Hij deelde verzamelaars van tekeningen op in twee groepen: de grootste groep bestond uit liefhebbers van nauwkeurig uitgewerkte tekeningen, en een kleinere groep herbergde collectioneurs met een voorkeur voor schetsmatige en suggestieve bladen. De tweede, kleinere groep beschouwde de Fransman als ware connaisseurs, terwijl hij de eerste denigrerend als 'demi-connaisseurs' (halve-kenners) bestempelde.

4.4.2 Groot-Brittannië

In Engeland werd in de kunstliteratuur van de achttiende eeuw steeds meer aandacht besteed aan de Hollandse schilderkunst van de zeventiende eeuw, en daarmee aan Rembrandt, terwijl verzamelaars daarvoor ook steeds meer belangstelling kregen. De voorkeuren zijn in grote lijnen vergelijkbaar met die in Duitsland en Frankrijk. Opmerkelijk is in Engeland echter wel de grote interesse voor landschappen van bijvoorbeeld Aelbert Cuyp, Jan van Goyen, Jacob van Ruisdael en Meindert Hobbema.

Net als in vele eerder verschenen traktaten over de schilderkunst werd Rembrandt in Joshua Reynolds' Discourses (1769-1790) afwisselend geprezen en bekritiseerd. Het is maar de vraag of Reynolds' persoonlijke smaak bepalend was voor zijn houding. Net als veel schildertraktaten hadden de Discourses een specifiek doel.
Het waren lezingen die werden gehouden voor kunststudenten aan de Royal Academy. Ze moesten dus de aankomende kunstenaar onderwijzen in wat navolgenswaardig was en wat niet, eigenlijk zoals de traktaten van Samuel van Hoogstraten en Joachim von Sandrart uit de zeventiende eeuw. Van een en dezelfde kunstenaar lezen we derhalve diens sterke en diens zwakke punten.

4.5.2 Rusland 

Voor zover iets te zeggen valt over de smaak van een land aan de hand van één collectie, zelfs als dat die van de regerende vorsten is, moet Rembrandt in achttiende-eeuws Rusland een factor van betekenis zijn geweest. In de collectie van Catharina de Grote was Rembrandt met maar liefst 59 schilderijen vertegenwoordigd. Een deel erfde zij en was bijvoorbeeld al door Peter de Grote samengebracht, maar het merendeel kocht zij tussen 1762 en 1796, samen met Italiaanse, Franse, Zuid-Nederlandse en andere Hollandse stukken.

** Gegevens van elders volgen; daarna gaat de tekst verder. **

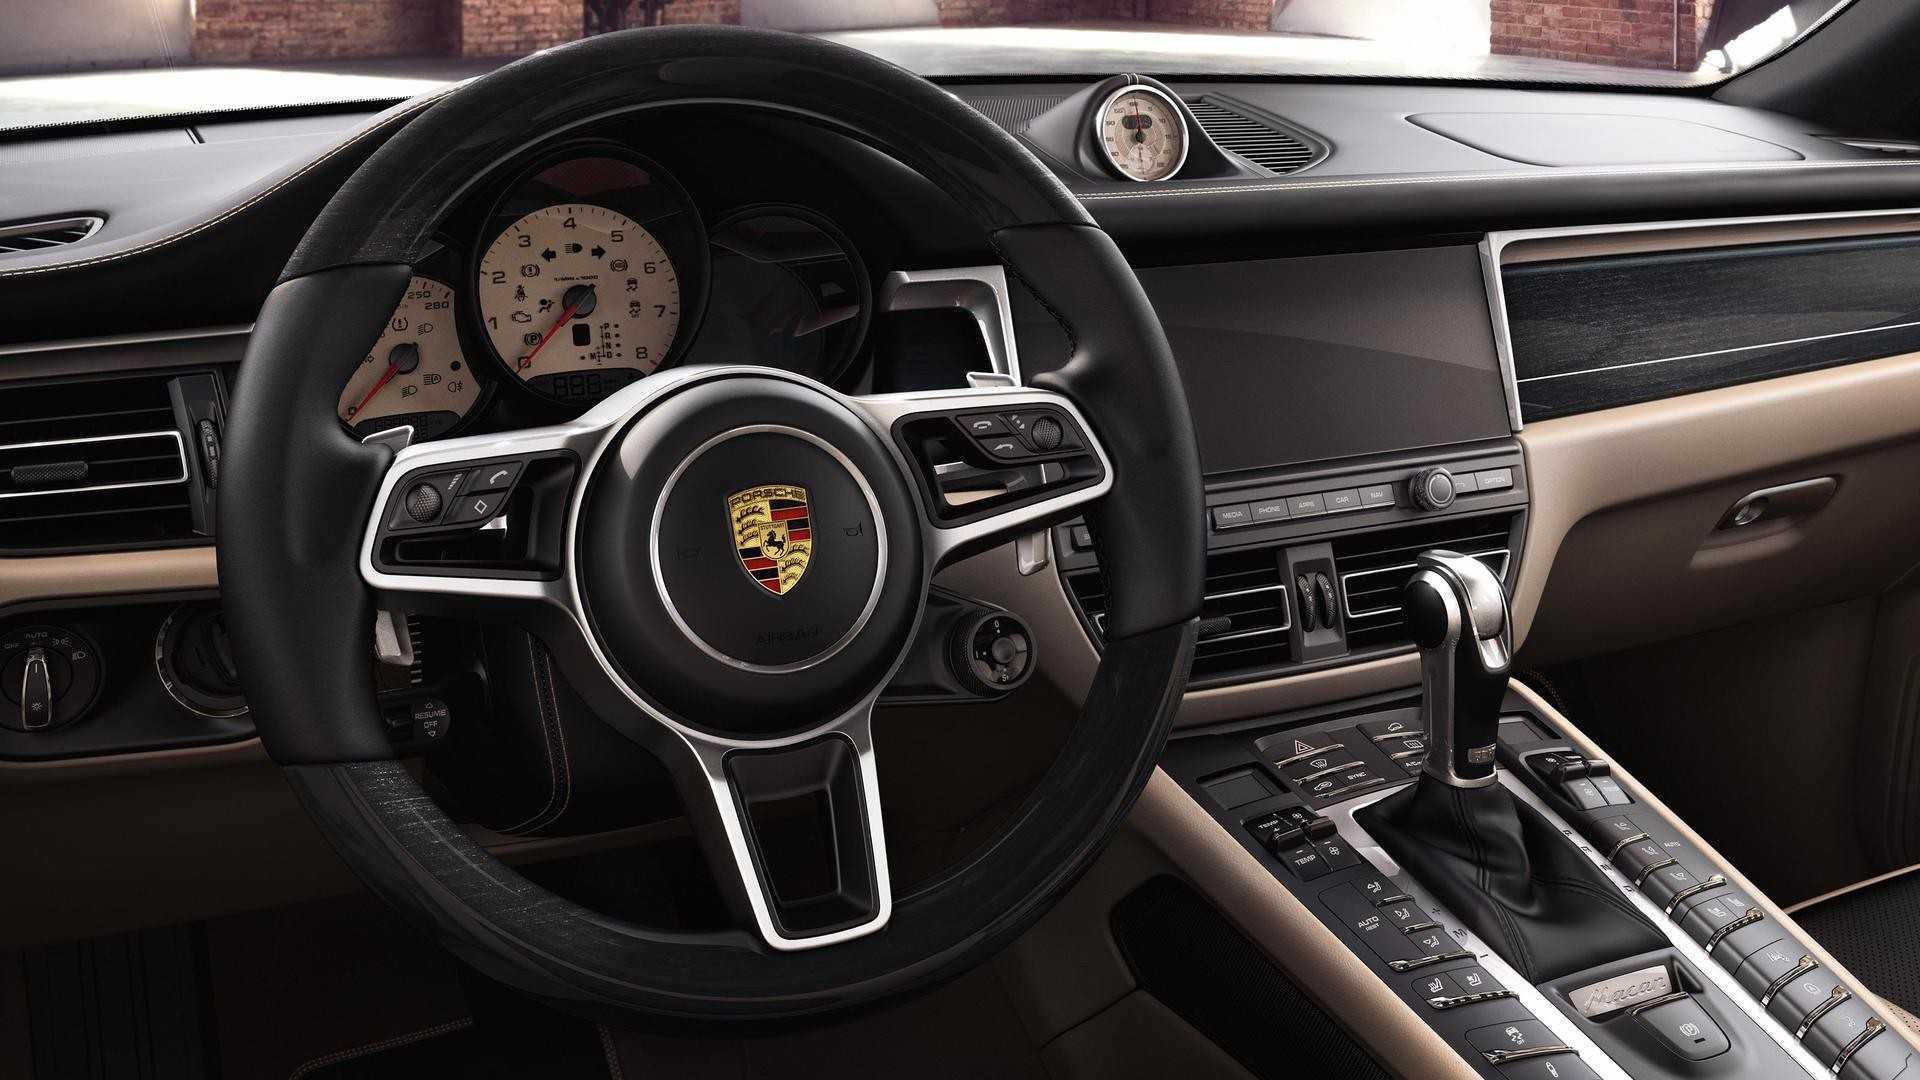 Macan S получил тюнинг от Porsche Exclusive Manufaktur 2

Net als andere vorstelijke verzamelaars maakte ze voor haar aankopen gebruik van een groot netwerk van agenten en adviseurs.

Korthals Altes benadrukt zowel dat voor David en Jonathan maar 'een schijntje' werd betaald als ook dat veel van de Rembrandts werden aangekocht als onderdeel van een grotere verzameling. In die van Louis-Antoine Crozat, baron de Thiers, zat bijvoorbeeld ook werk van Rafaël, Giorgione, Titiaan, Rubens en Van Dyck, kunstenaars wier werken over het algemeen veel hoger werden aangeslagen en die daarmee eerder reden zullen zijn geweest om tot de en bloc aankoop over te gaan. (3) Hij benadrukt dat Rembrandt ook in Rusland geregeld kritiek kreeg.

4.K3 Rembrandt als inspiratiebron voor Franse achttiende-eeuwse kunstenaars

Franse kunstenaars uit de achttiende eeuw maakten vele kopieën van en variaties op werk van Rembrandt. Enerzijds werden zijn warme coloriet en licht-donkercontrasten nagevolgd en anderzijds zijn losse penseelstreken.

Wanneer Rembrandts lossere schildertechniek niet werd gekopieerd, combineerden Franse meesters, zoals Alexis Grimou, 'la manière de Rembrandt' vaak met de schilderwijze van de fijnschilders met hun gladde schilderwijze, zoals Gerard Dou, Frans van Mieris, Godfried Schalcken en Caspar Netscher.